Tuesday, July 18, 2006

More than a woman

Even in these dismal days of summer, when it is too hot to move and I am suffering from some sort of strange disease contracted in the USA, there comes the occasional shaft of light to brighten this dark age. This one comes from TCM at livescience. They are discussing the problem of cane toads in Australia. As recently as June I tried to provide an answer to this problem, something about getting Rolf Harris to sing until they had all killed themselves.

Attempts to eradicate the toads have been largely unsuccessful, although scientists reported last year that they had managed to lure and trap the creatures using ultraviolet lights like those used in disco clubs.”

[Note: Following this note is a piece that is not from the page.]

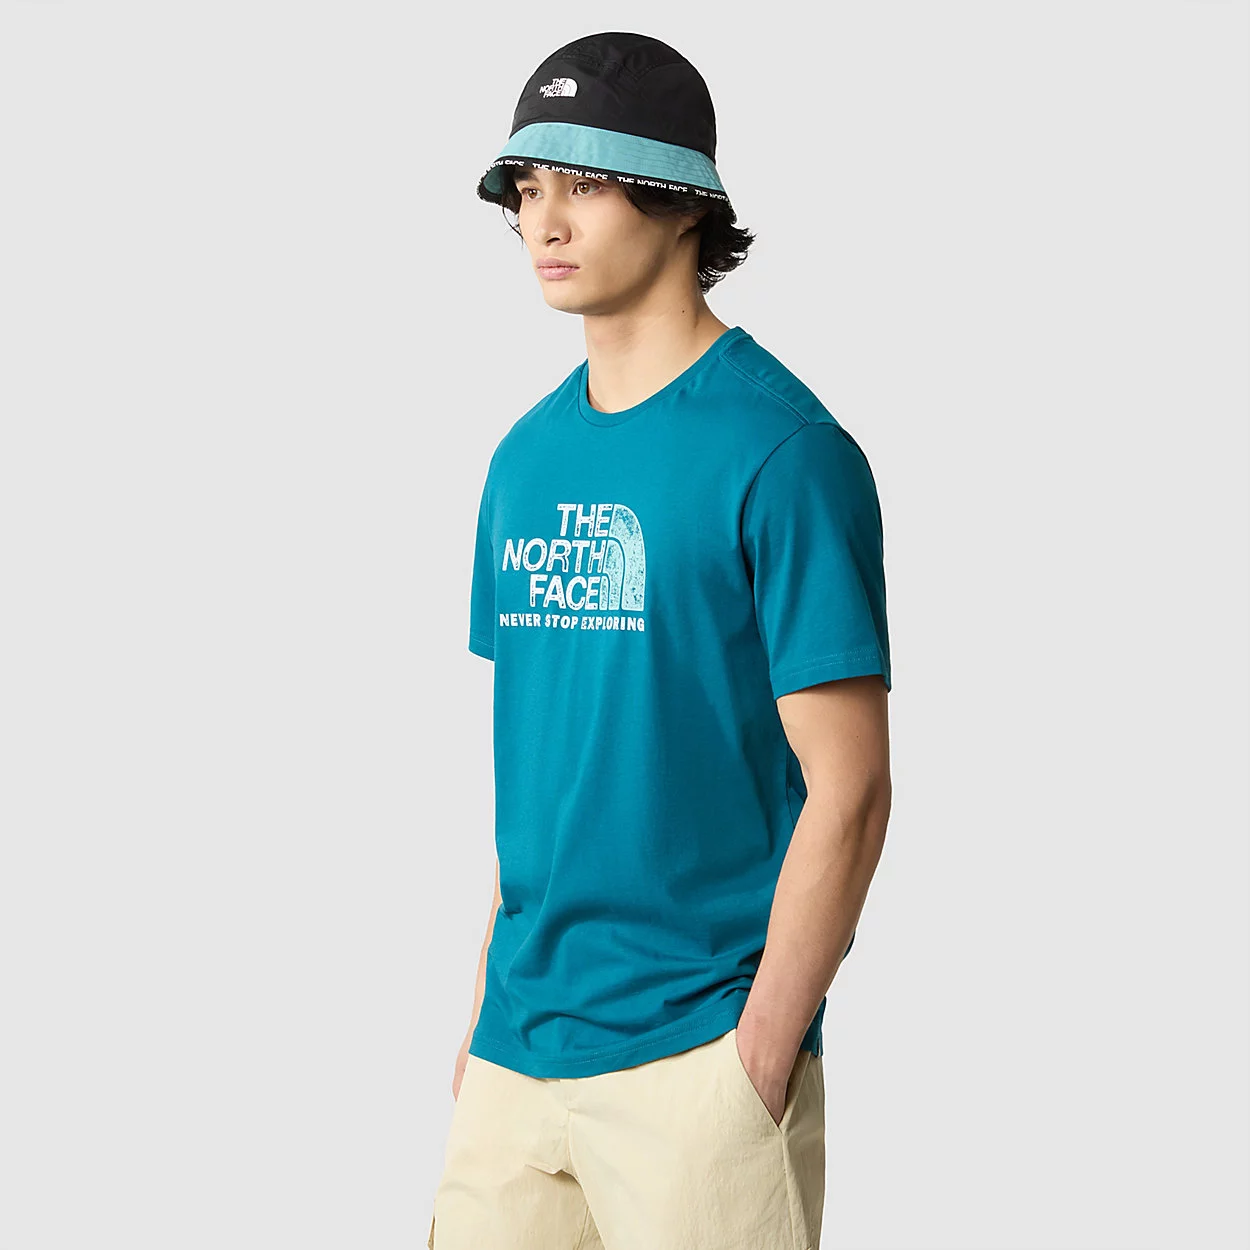 Pánské triko The North Face Men's T-shirt S/S Rust 2 Tee Blue Coral - Reef Waters NF0A4M68P6C (XS) (Blue)

Yes, there we have it. I wish (not for the first time) that we had some Aussie visitors here. But perhaps some of you are familiar with nightlife in Queensland. Have any of you frequented the discotheques in the area from Brisbane to Cairns?

I have never been an attendee at such institutions. From what I can gather they are so noisy and poorly lit that it is impossible to discern what your dancing partners are saying and what they look like. I suspect that many of you are thinking that that would be an ideal environment in which I could find myself a partner, but so far I have never been quite that desperate.

So, despite my lack of first hand experience, I would urge caution. It may be at the end of the evening that you find that the attractive young lady with whom you have been dancing, chatting and drinking, is slightly more amphibitorial than you had hoped.

Here are the signs you should look out for to help you make sure that your dancing partner is not an impostor:

  • Deep voice.
  • Bulging eyes.
  • Poisonous glands on back.

Now, some of you might be unkind enough to suggest that the above criteria are insufficient to distinguish them from the typical Queensland Sheila. I would never stoop to such ethnic stereotypes, (unless I could be sure that I had some Queensland readers).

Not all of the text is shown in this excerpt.